# Raw data:
■ ■ ■ ■ ■

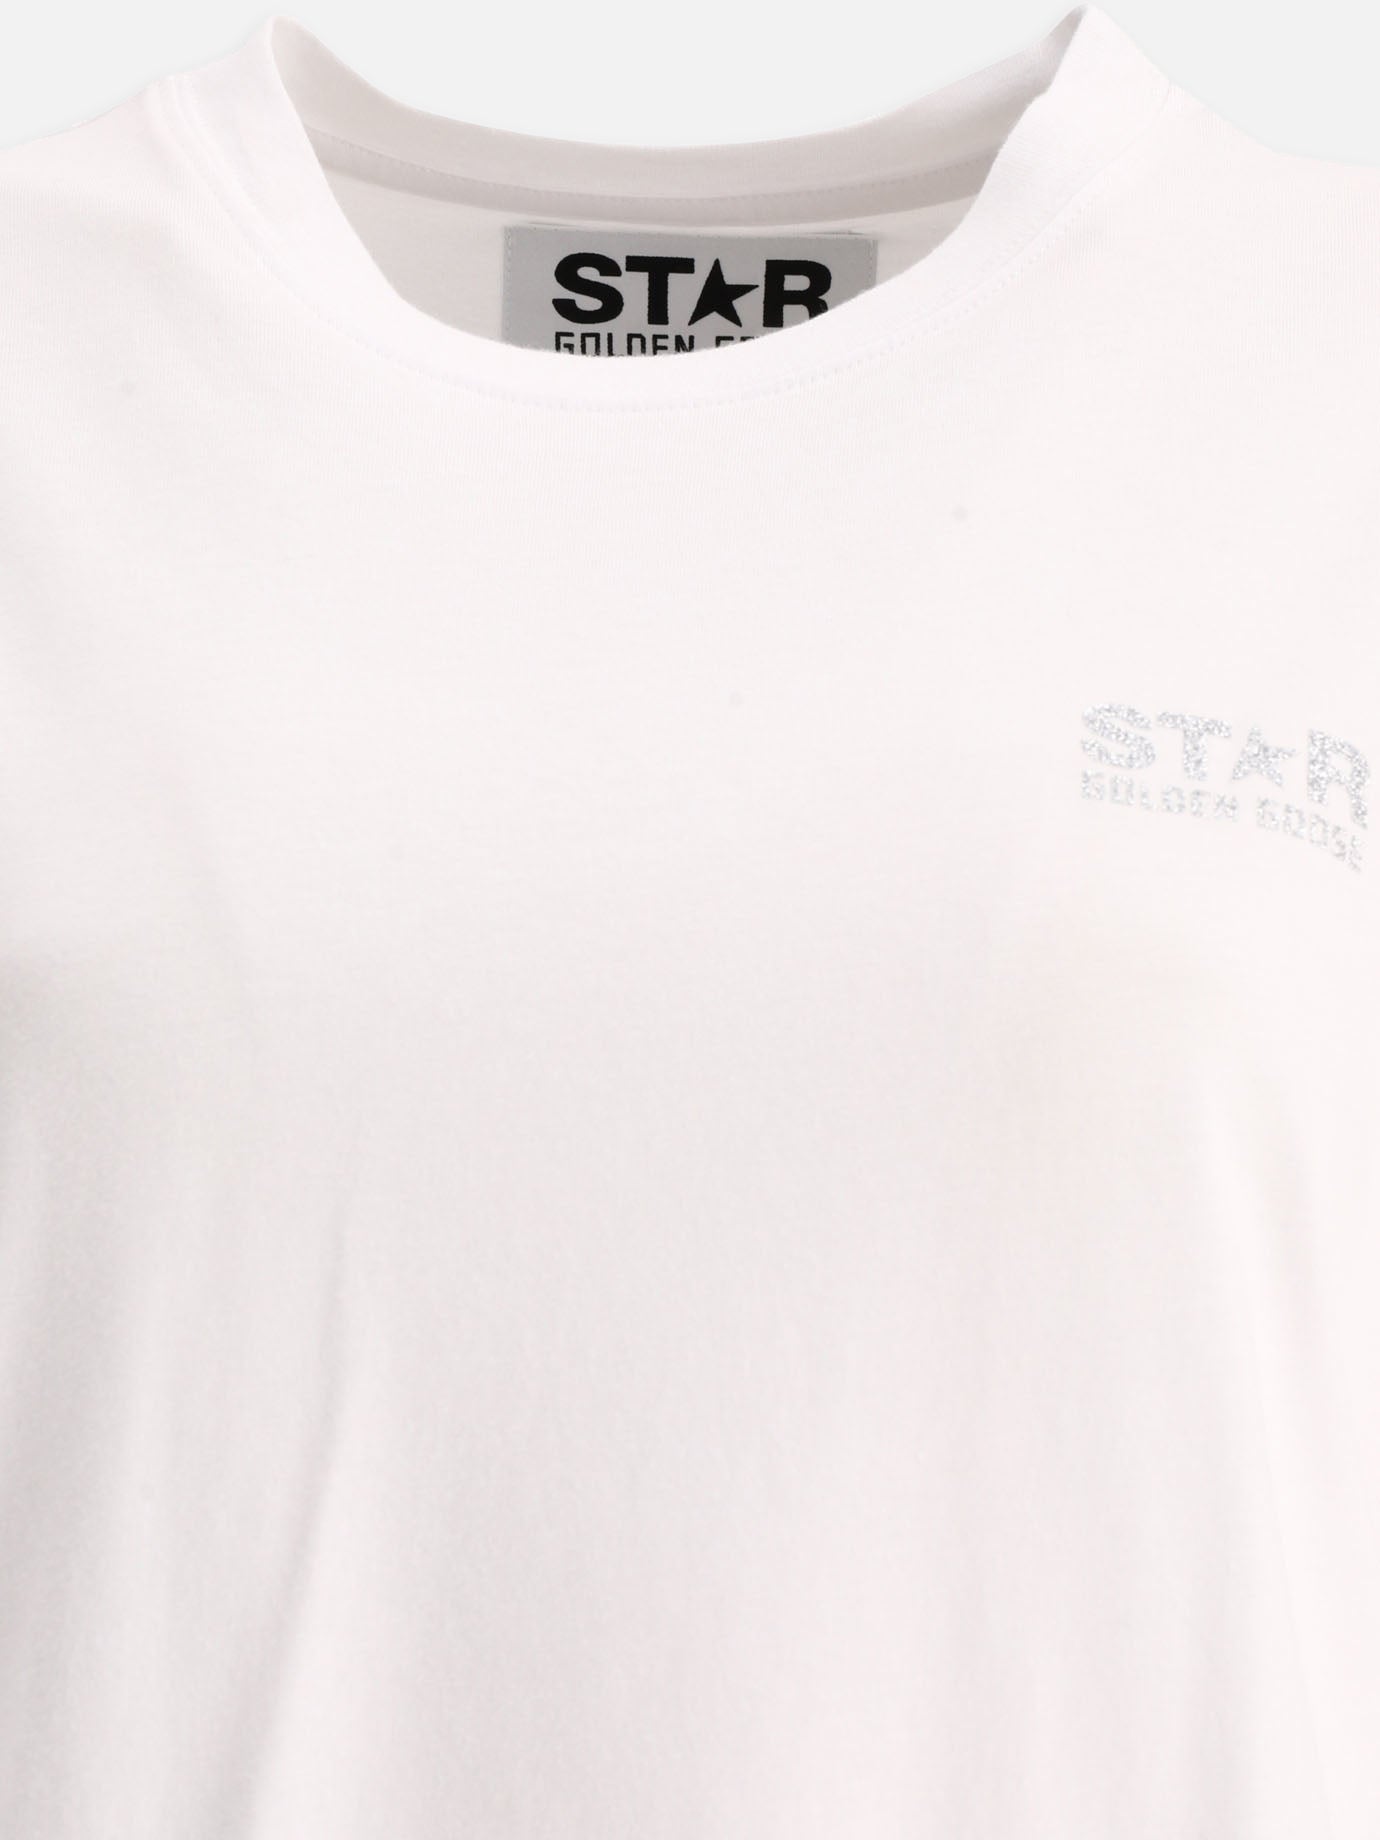 "Star" t-shirt
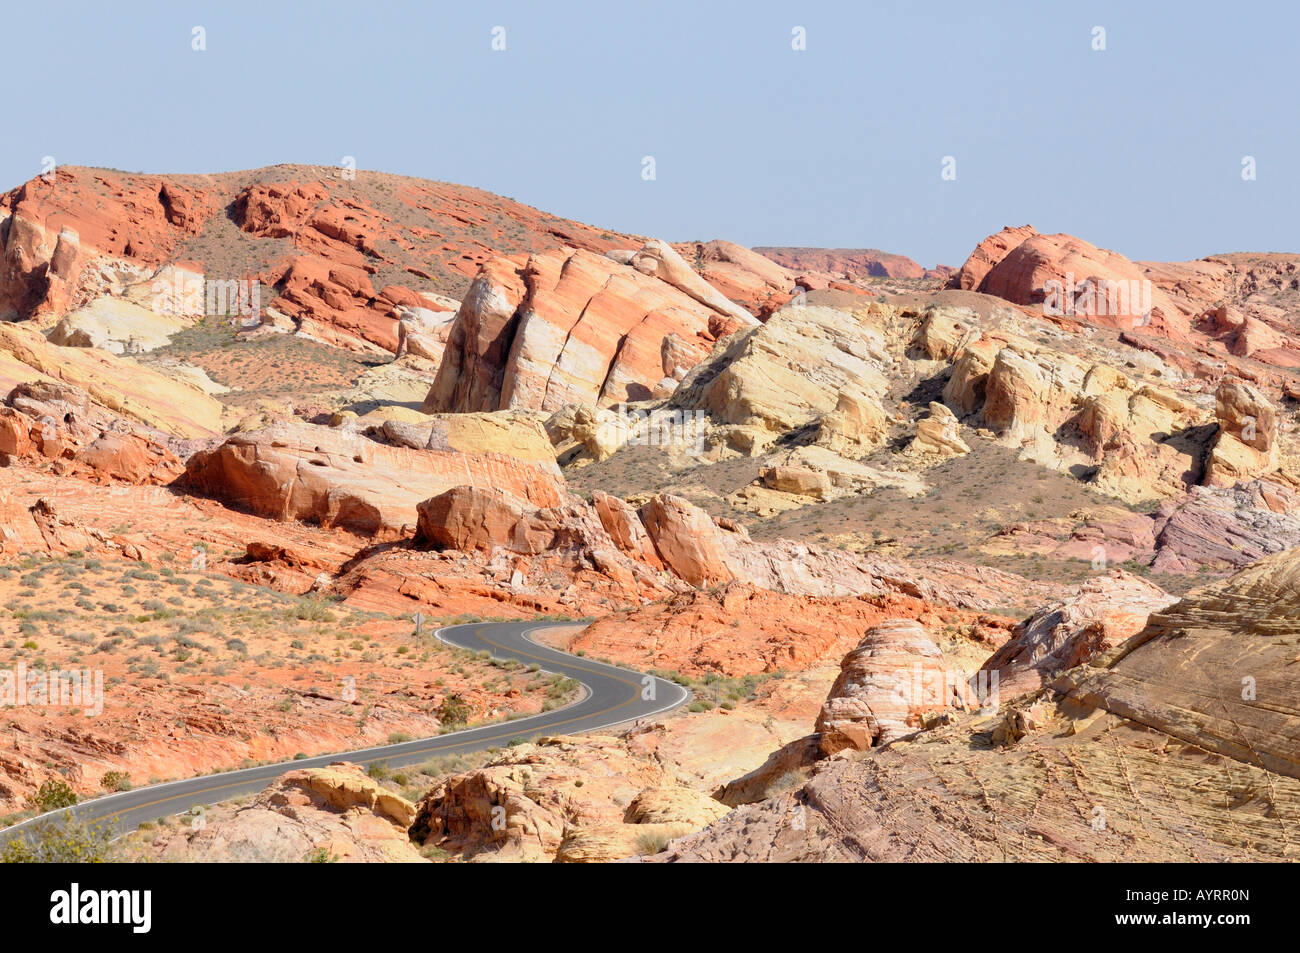 A road winding through rocky desert Stock Photo
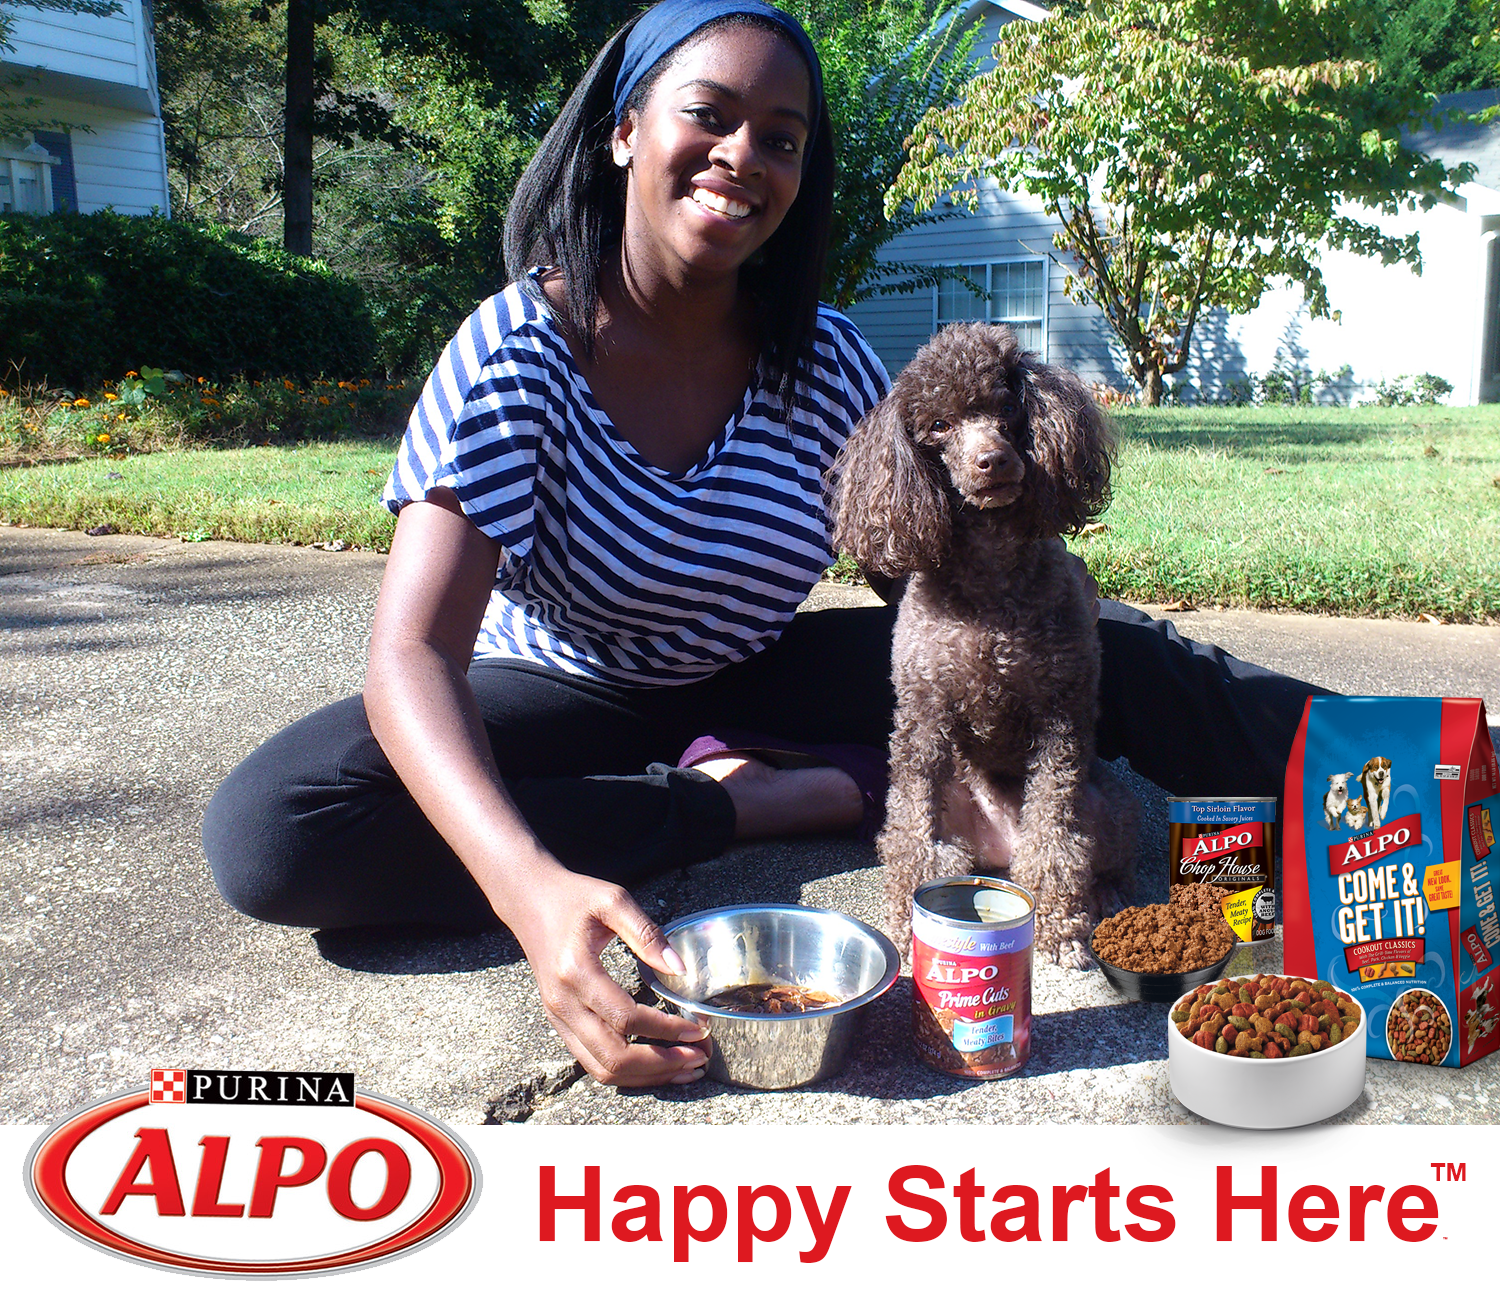 Happy Starts With Alpo - Khloe trying Alpo Dog Food
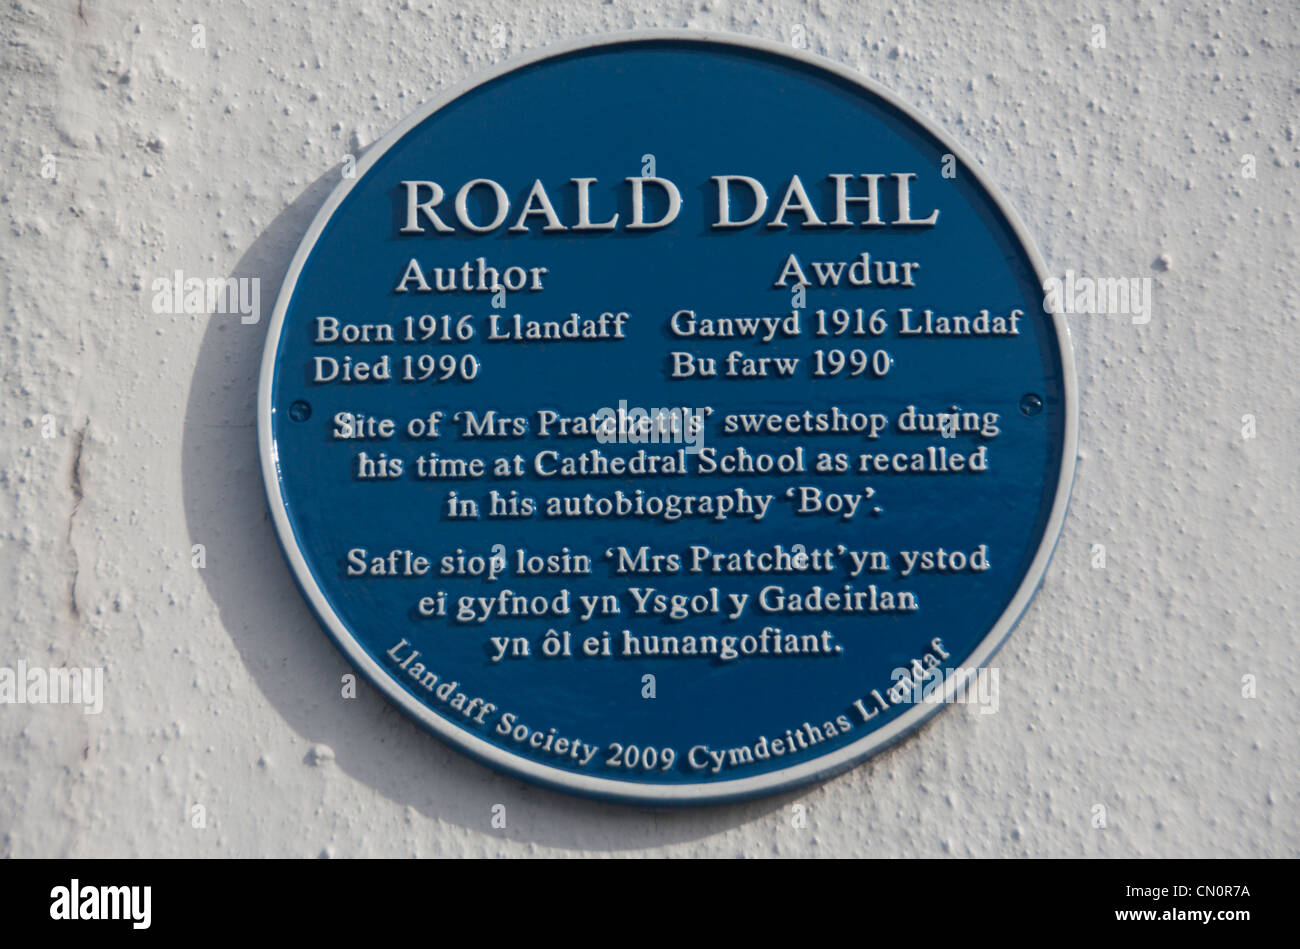 Roald Dahl targa blu sito di marcatura della signora Pratchett's sweetshop (dalla sua autobiografia "Boy') Llandaff Cardiff Wales UK Foto Stock

■ ■ ■ ■ ■

The data must be printed exactly, image-free.

 "Star" t-shirt
 A road winding through rocky desert Stock Photo
 Happy Starts With Alpo - Khloe trying Alpo Dog Food
 Roald Dahl targa blu sito di marcatura della signora Pratchett's sweetshop (dalla sua autobiografia "Boy') Llandaff Cardiff Wales UK Foto Stock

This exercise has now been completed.